Would you return each entry exactly as written, omitting any pictures?
──────── The data
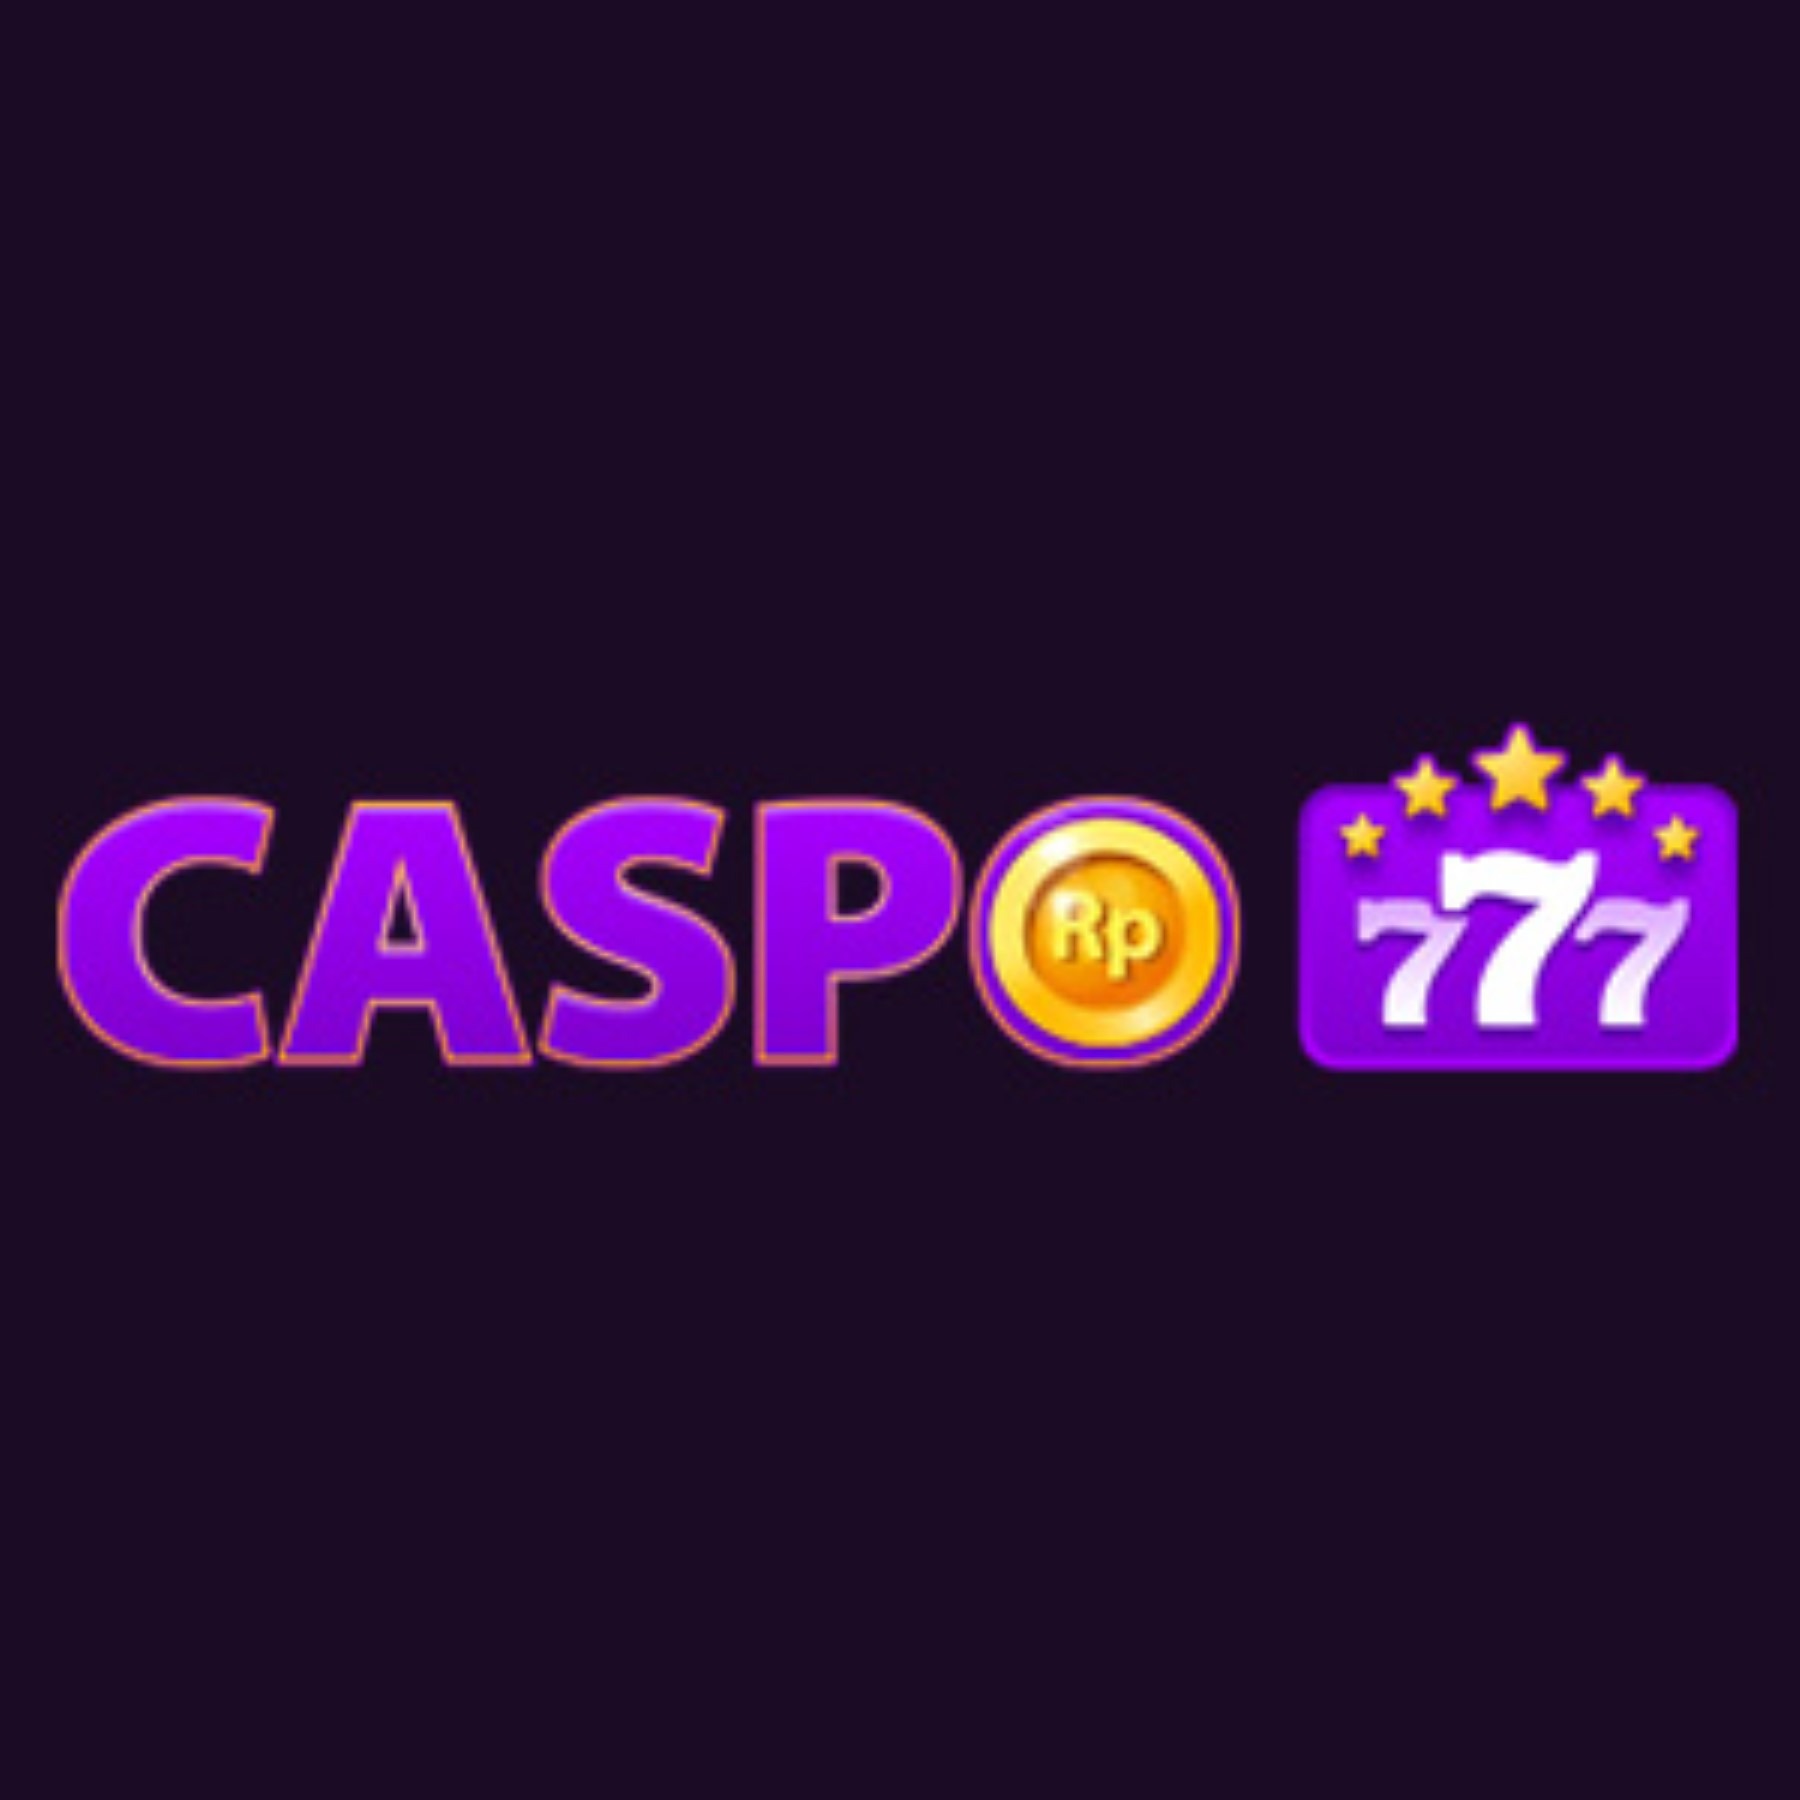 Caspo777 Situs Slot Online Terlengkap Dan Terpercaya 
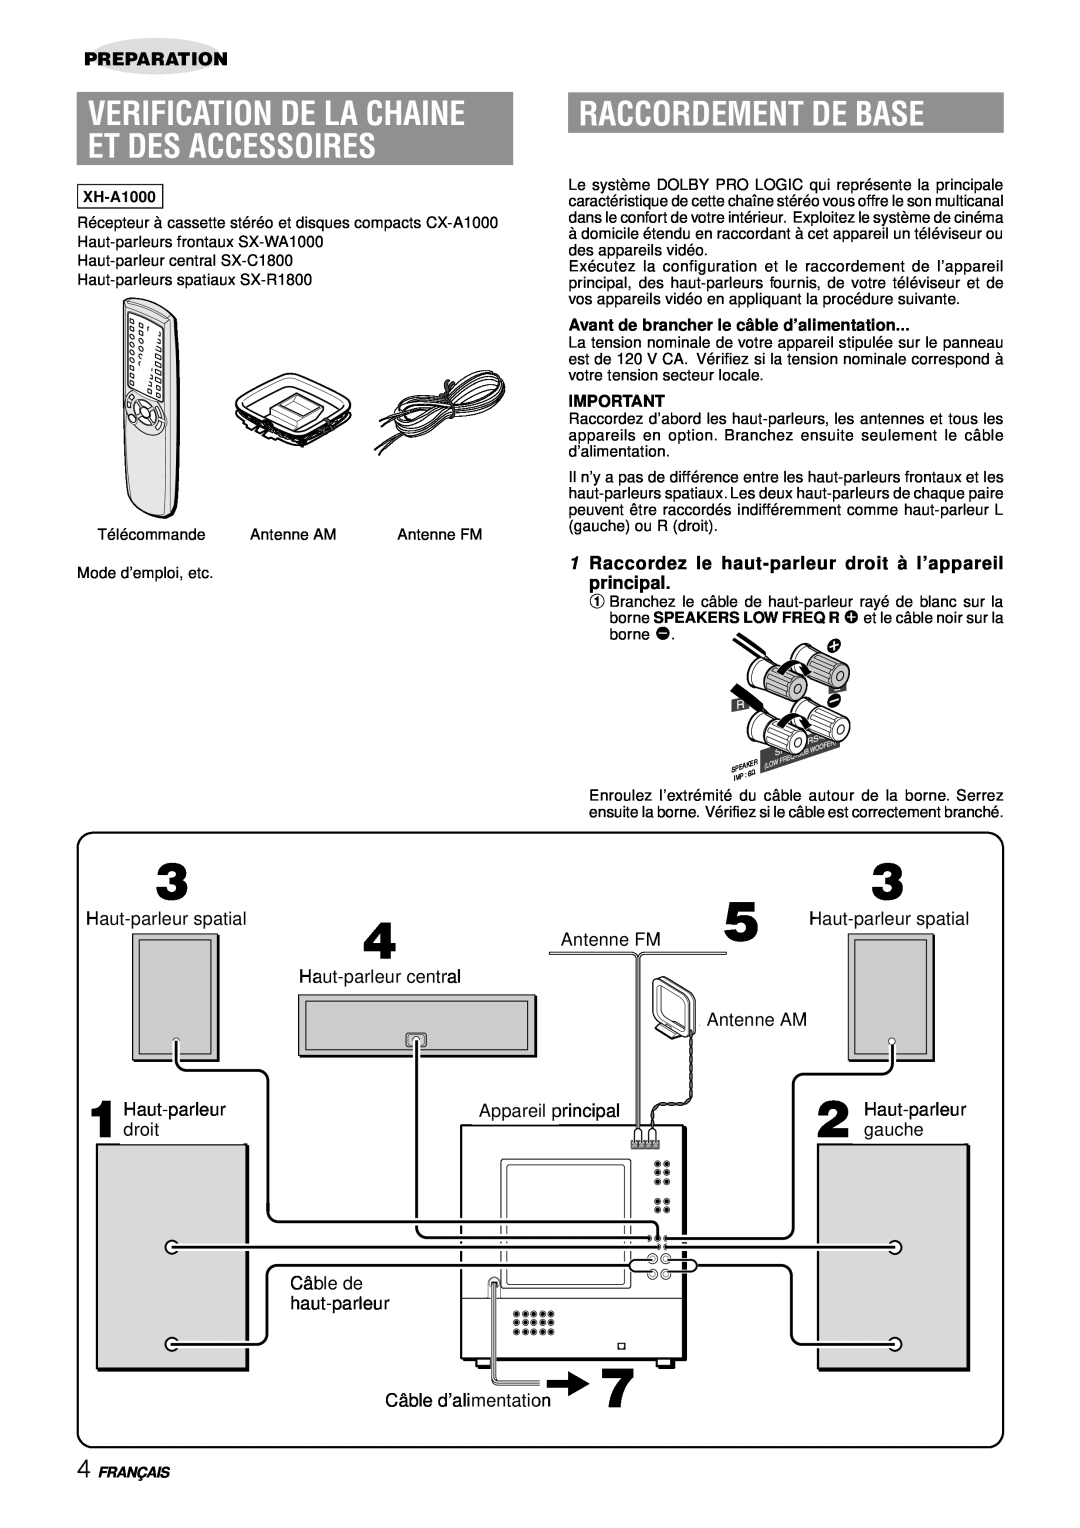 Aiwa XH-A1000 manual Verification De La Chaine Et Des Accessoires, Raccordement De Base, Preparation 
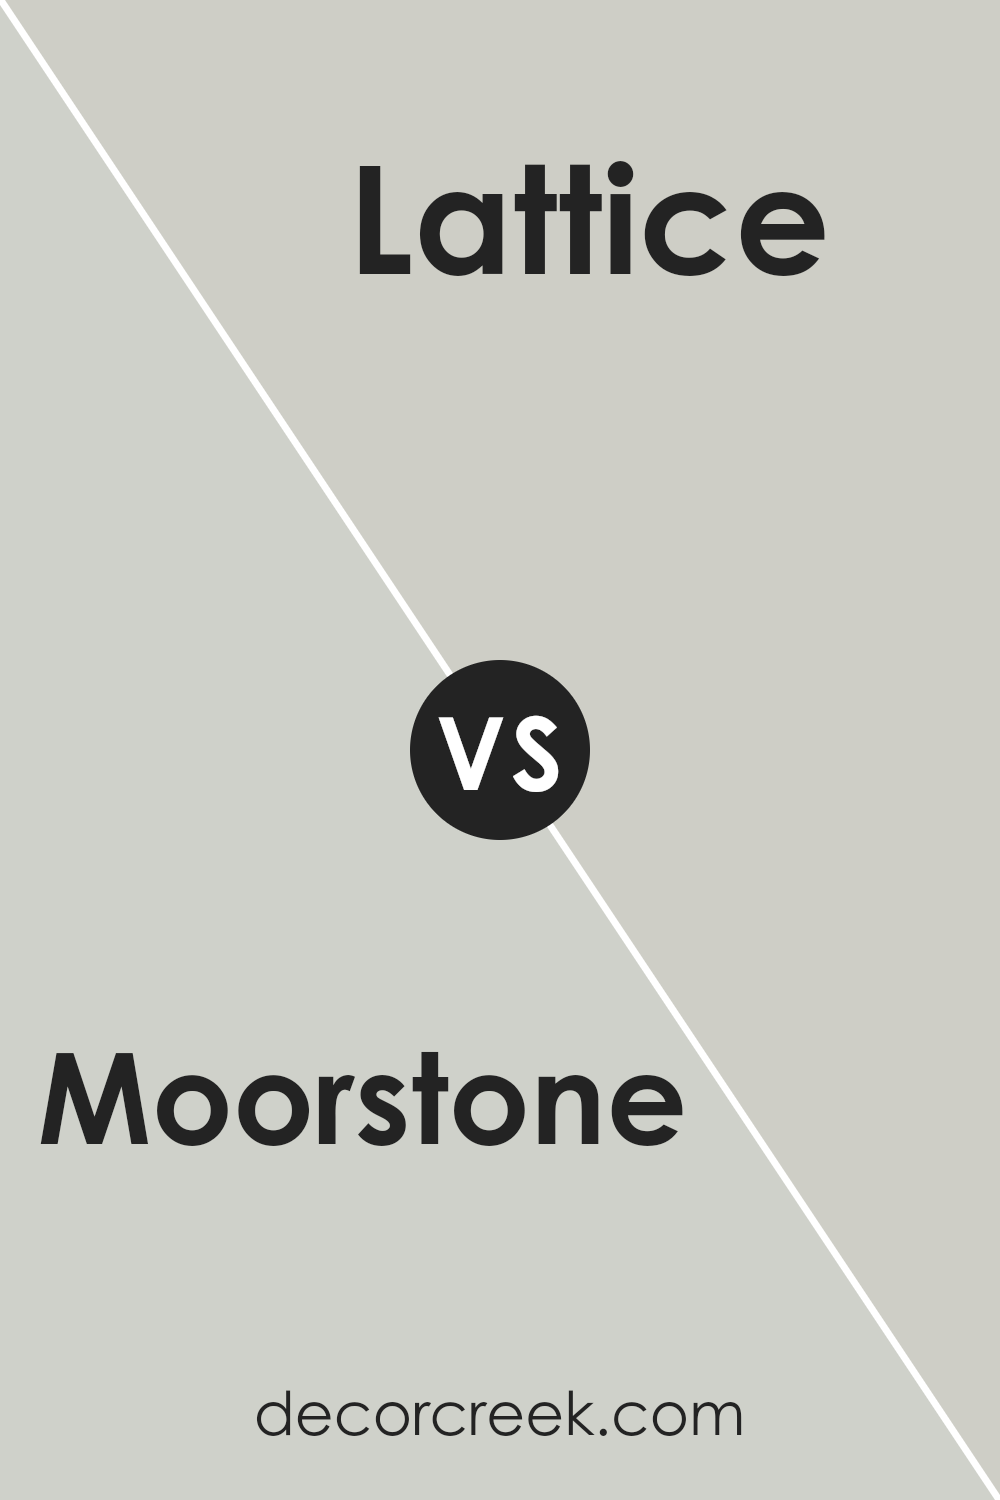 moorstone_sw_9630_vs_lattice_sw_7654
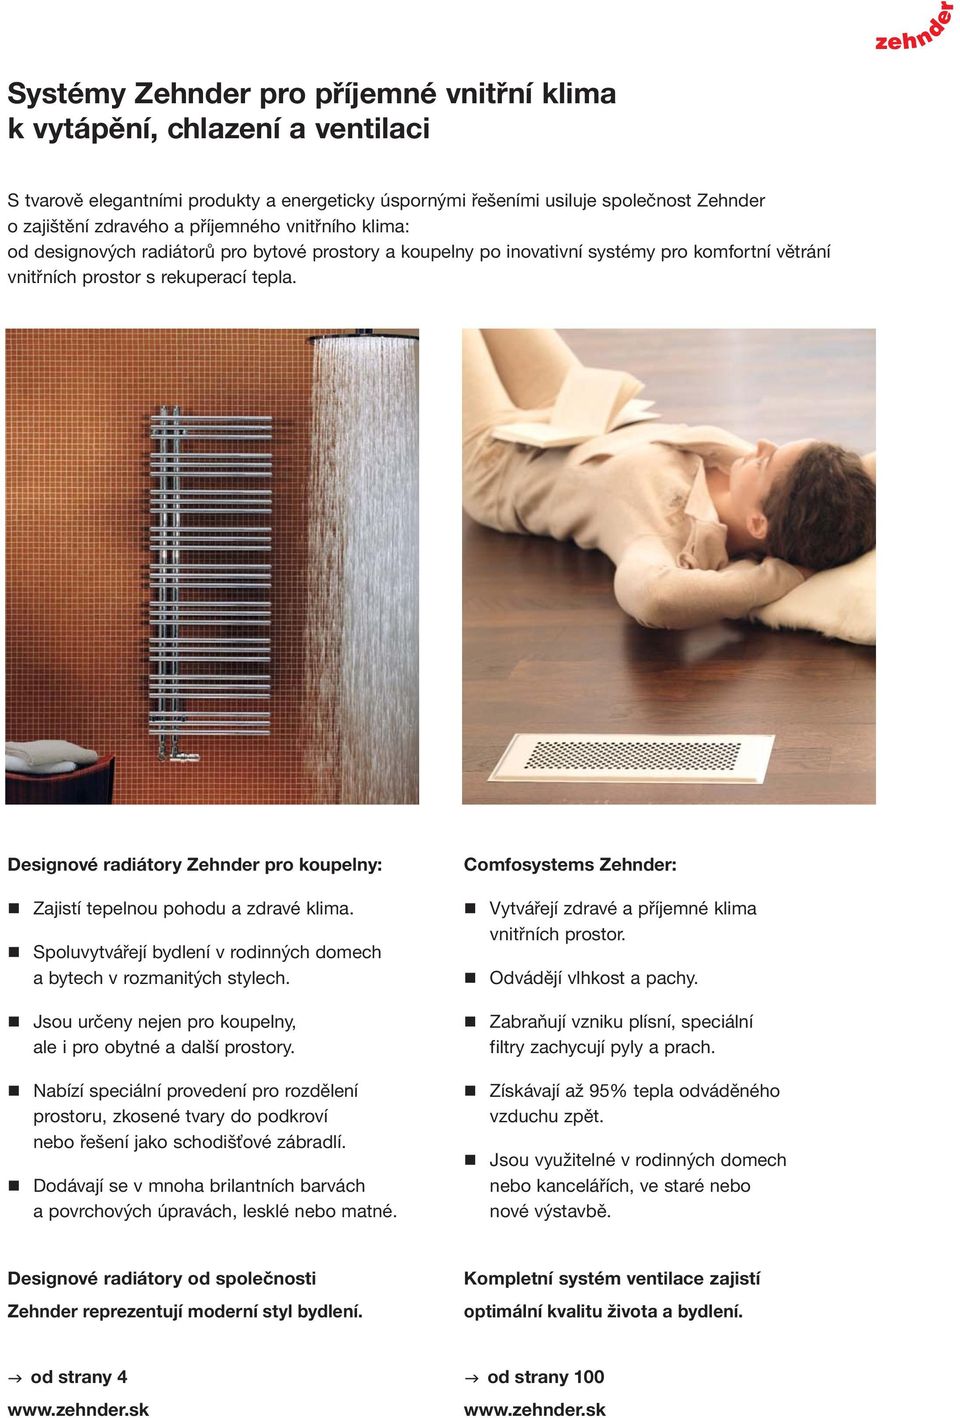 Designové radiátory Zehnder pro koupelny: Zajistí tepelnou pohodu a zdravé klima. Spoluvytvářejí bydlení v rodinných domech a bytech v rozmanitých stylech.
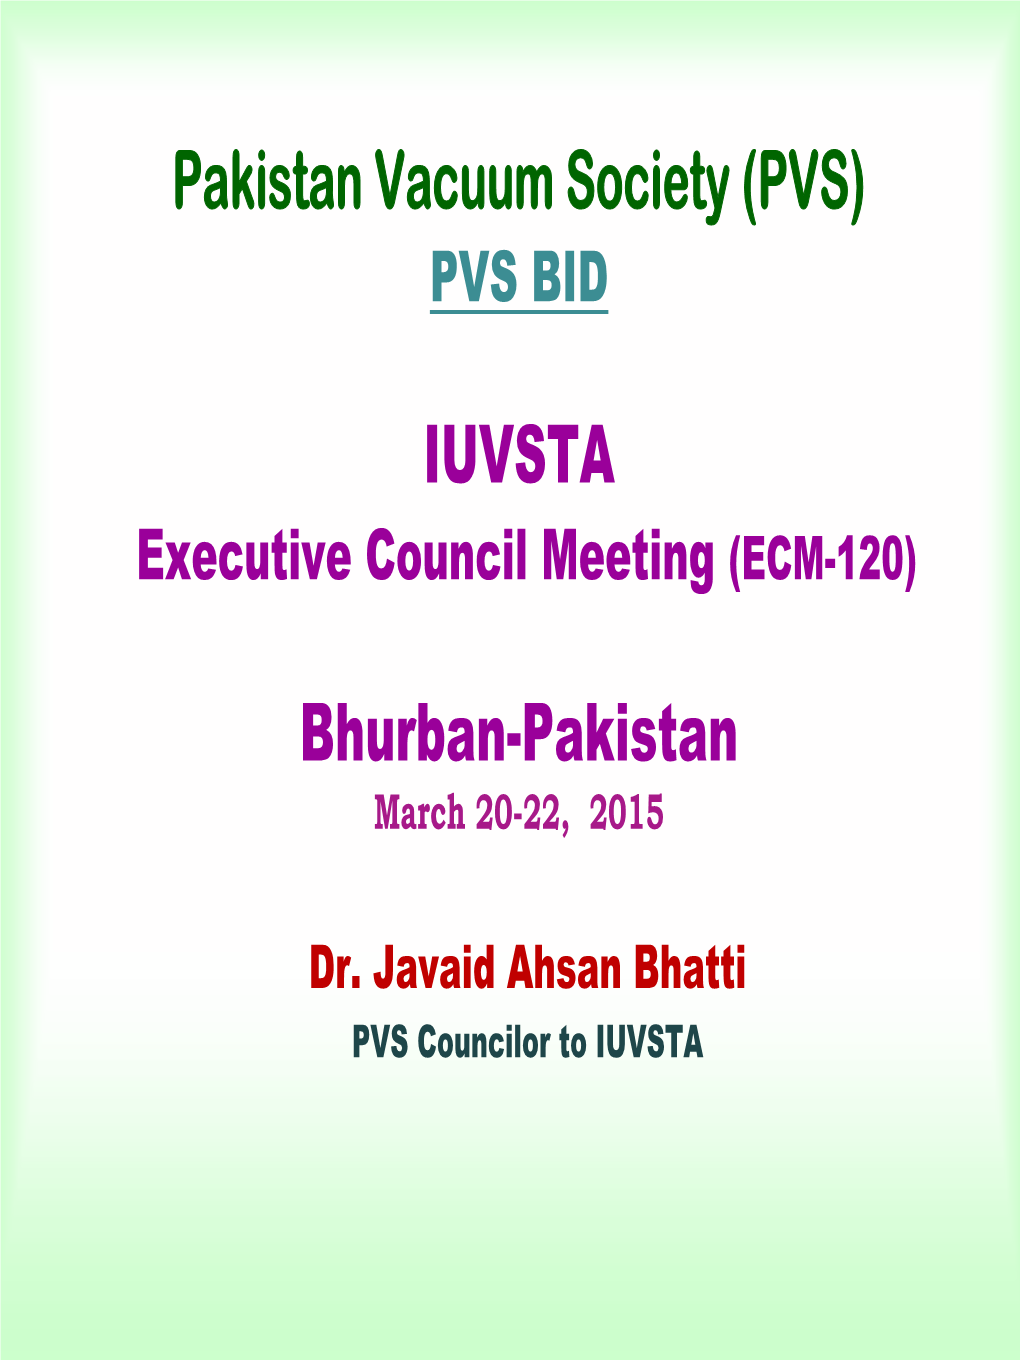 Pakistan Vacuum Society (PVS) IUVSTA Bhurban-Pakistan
────────────────
**Answer to the exercise:**
 Caspo777 Situs Slot Online Terlengkap Dan Terpercaya 
 Aiwa XH-A1000 manual Verification De La Chaine Et Des Accessoires, Raccordement De Base, Preparation 
 moorstone_sw_9630_vs_lattice_sw_7654
 Designové radiátory Zehnder pro koupelny: Zajistí tepelnou pohodu a zdravé klima. Spoluvytvářejí bydlení v rodinných domech a bytech v rozmanitých stylech.
 Pakistan Vacuum Society (PVS) IUVSTA Bhurban-Pakistan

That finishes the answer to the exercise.